→ EXERCISE
Print, word for word, only the lines from the one with "Wheel 2006 Acura" down to the last line of the listing below; no pictures.

→ RECORDED DATA

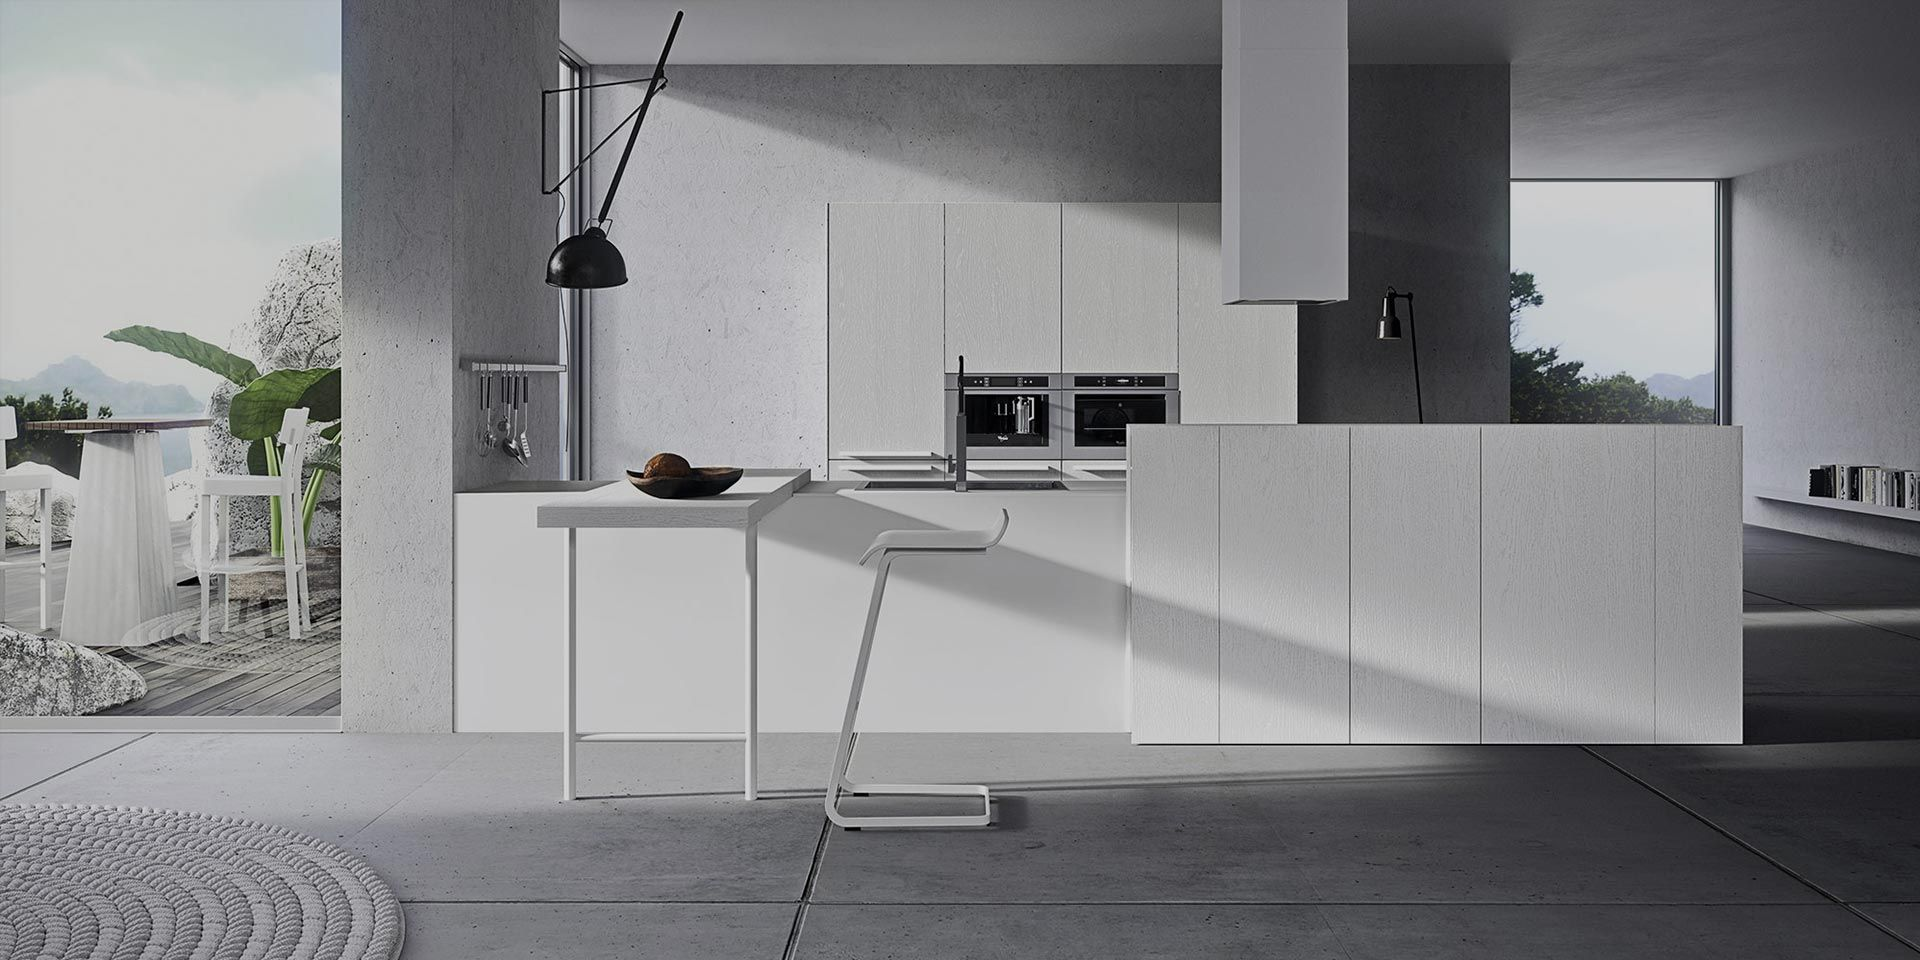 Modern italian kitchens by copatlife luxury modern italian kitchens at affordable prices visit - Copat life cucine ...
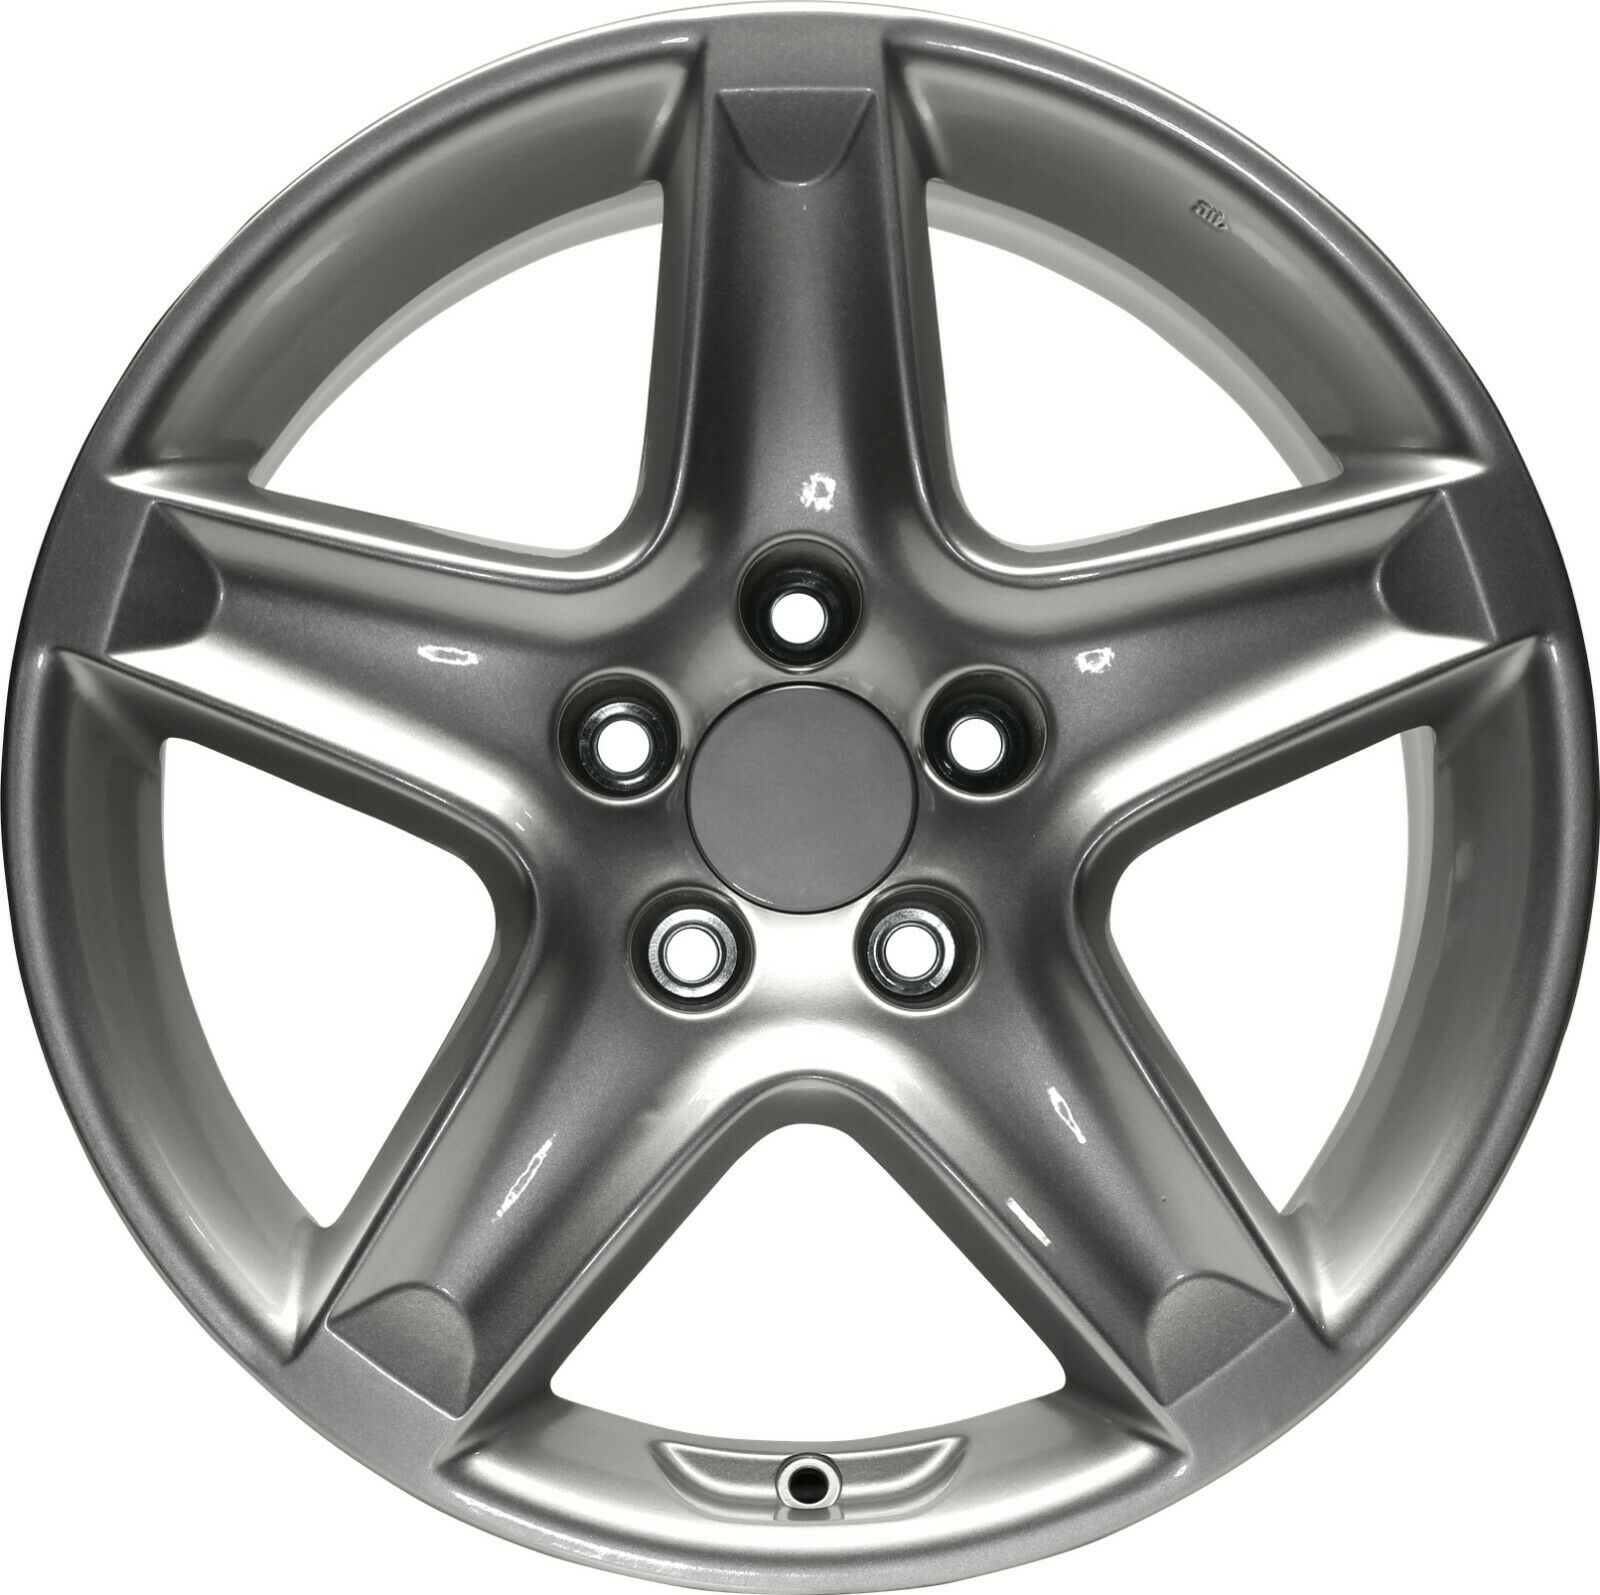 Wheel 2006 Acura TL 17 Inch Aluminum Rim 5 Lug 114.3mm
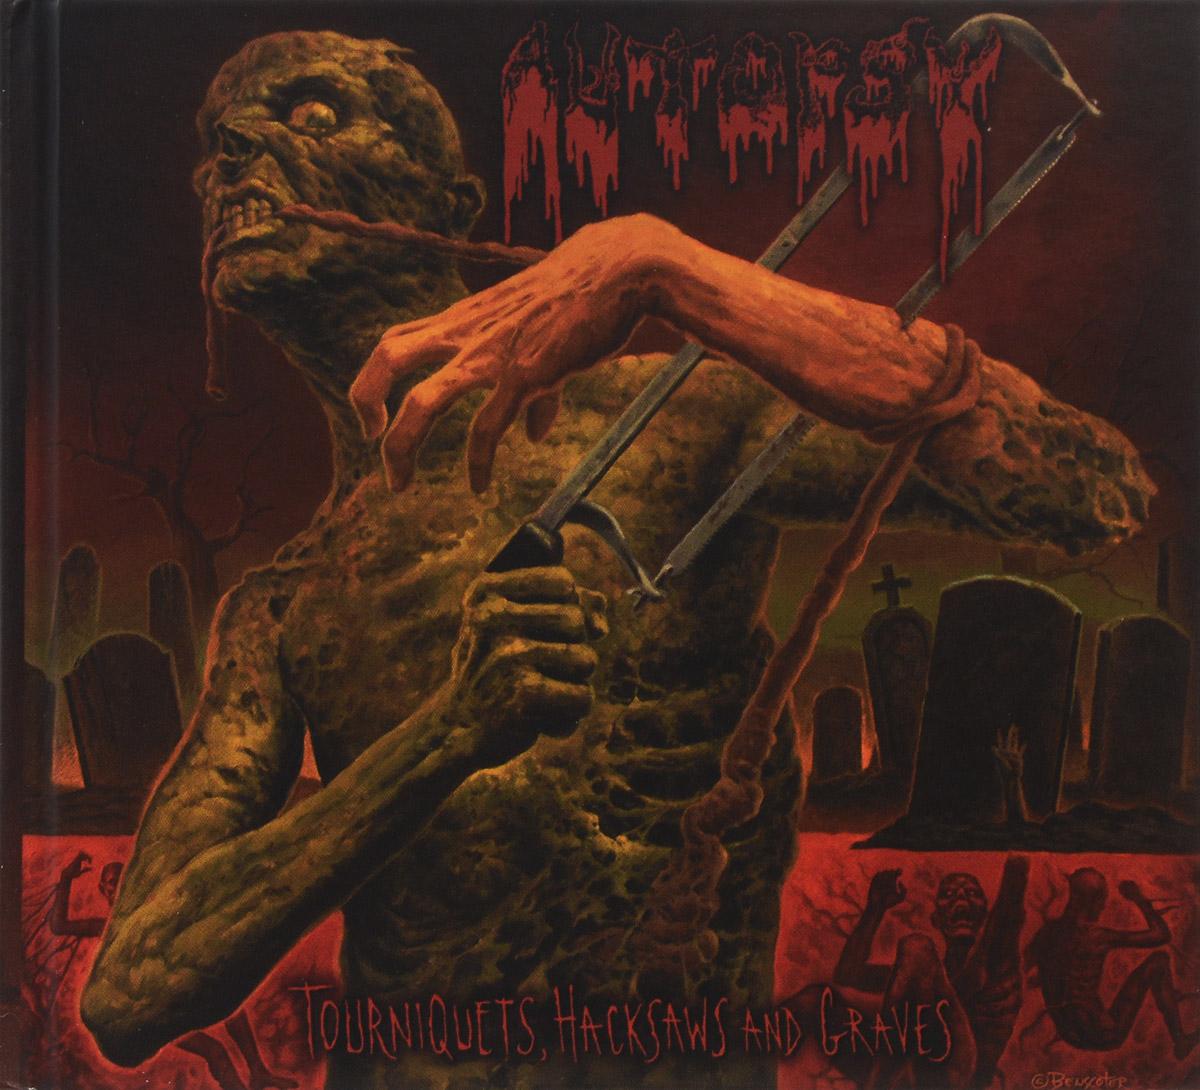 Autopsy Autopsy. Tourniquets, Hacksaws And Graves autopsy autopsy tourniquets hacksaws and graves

→ ANSWER TO THIS EXERCISE
 Wheel 2006 Acura TL 17 Inch Aluminum Rim 5 Lug 114.3mm
 Autopsy Autopsy. Tourniquets, Hacksaws And Graves autopsy autopsy tourniquets hacksaws and graves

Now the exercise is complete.